Lesson V: Availability

The final aspect of security I want to discuss in this series is Availability; the ability to access data when needed. While this is normally something that is not considered part of security, it is part of the CIA (Confidentiality, Integrity, Availability) approach that we use at Workshare.

Availability can be in conflict with security, especially with confidentiality; after all, the most secure computer is one unplugged from the network and turned off, but that is not useful if you need data.

There are different levels of availability issues, from temporary ones to complete data loss and all of them need to be considered.

In order for data to always be available when needed, we have to first understand the requirements.

Availability considerations usually include the following elements:

  • Determining availability requirements.
    • Availability periods: Some data must be available 24/7, but other data may only be needed Monday to Friday - during office hours. If you do not need 24/7 availability you will be able to schedule maintenance out of business hours without affecting your users.
    • Up-time requirements: Due to the nature of computer systems, it is impossible to guarantee 100% availability and, even if it was possible, it may not be cost effective. Usually, up-time requirements are guaranteed by a Service Level Agreement (SLA) with your customers.
    • Definition of what uptime is: In most cases, availability SLAs may not cover the whole infrastructure or service or include hard limits on response times.
  • Risk analysis: Identifying the different things that may go wrong in the infrastructure (including human error), how they will affect availability and how they can be mitigated.
  • Technical measures: There are a number of technical measures to help with availability. At the most basic level, you can increase availability (and cost!) by adding redundancy and eliminating, or at least reducing, single points of failure, but you can go all the way into self-healing systems.
  • Constraints: There will be multiple constraints at different levels, such as monetary, architectural, staffing or even technical ones, which will lead the requirements.
  • Monitoring: This is a combination of automation and manual intervention to verify that the system is "up". A common approach to monitoring sets different thresholds that go from healthy to warning (the system is approaching its limits) to critical, where the system is unavailable.
  • Processes: A major aspect of maintaining high levels of availability is recovering from failure situations. This includes technical measures as well as processes and documentation ensuring that issues are handled quickly and correctly.
    • One often forgotten approach is the existence of Business Continuity and Disaster Recovery processes and tools that ensure the system can be brought back up after major incidents with the infrastructure or business.

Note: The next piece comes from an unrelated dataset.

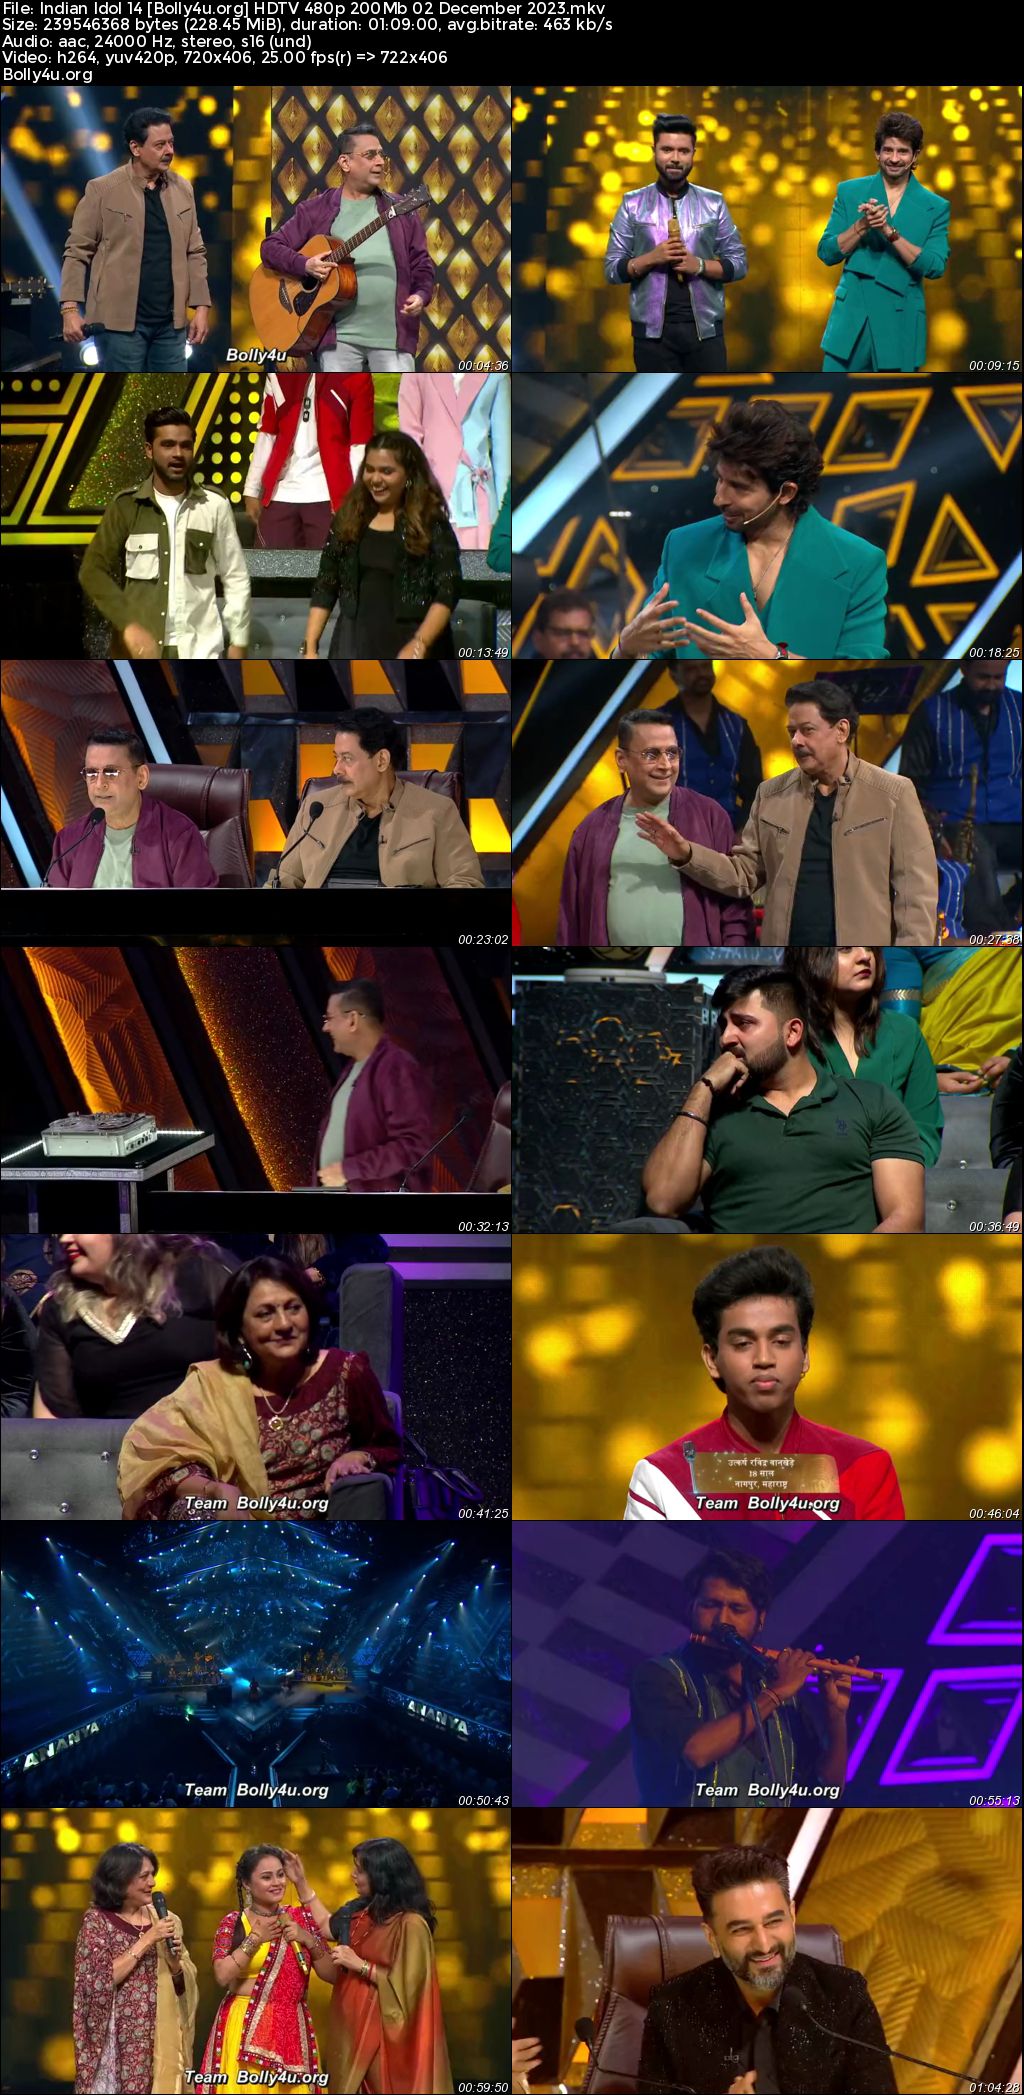 Indian Idol 14 HDTV 480p 200MB 02 December 2023 Download
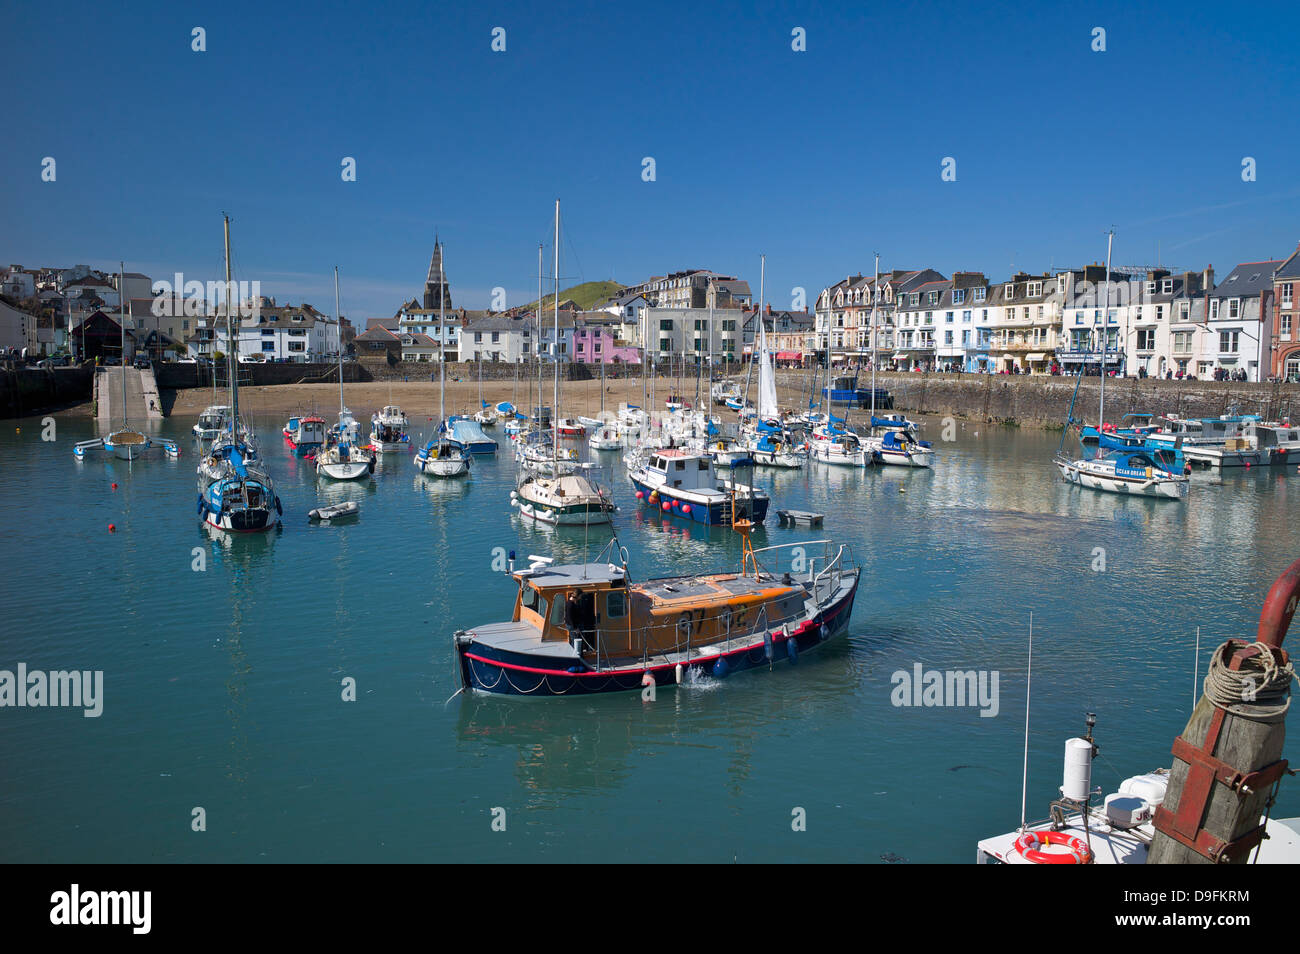 The Harbour, Ilfracombe, Devon, England, UK Stock Photo

Once all the considerations are in place, it comes to developing a plan that allows us to reach or exceed availability goals within the estimated budget, making sure it gets reviewed on a regular basis. On top of scheduled reviews, the plans should be reviewed after changes to the service, including code, infrastructure or architecture. In most cases, there should be a capacity plan that looks ahead to ensure scalability issues are addressed before they become a problem for availability.

The move to the cloud has changed completely the approach to availability. While in the past the approach was to set up systems that did not fail, with enough capacity to handle peak load, now the normal approach is to have fault-tolerant systems that can scale up and down as required. This approach can be both cheaper and more reliable, but it requires design with those constraints in mind and will complicate the solution.

At Workshare services are designed with availability and scalability in mind. All of our services are replicated, with minimal single points of failure and a multi-cloud approach to ensure that an outage at our main provider will not affect our customers.

This is the final post in The Evangelist series. I hope you have enjoyed them!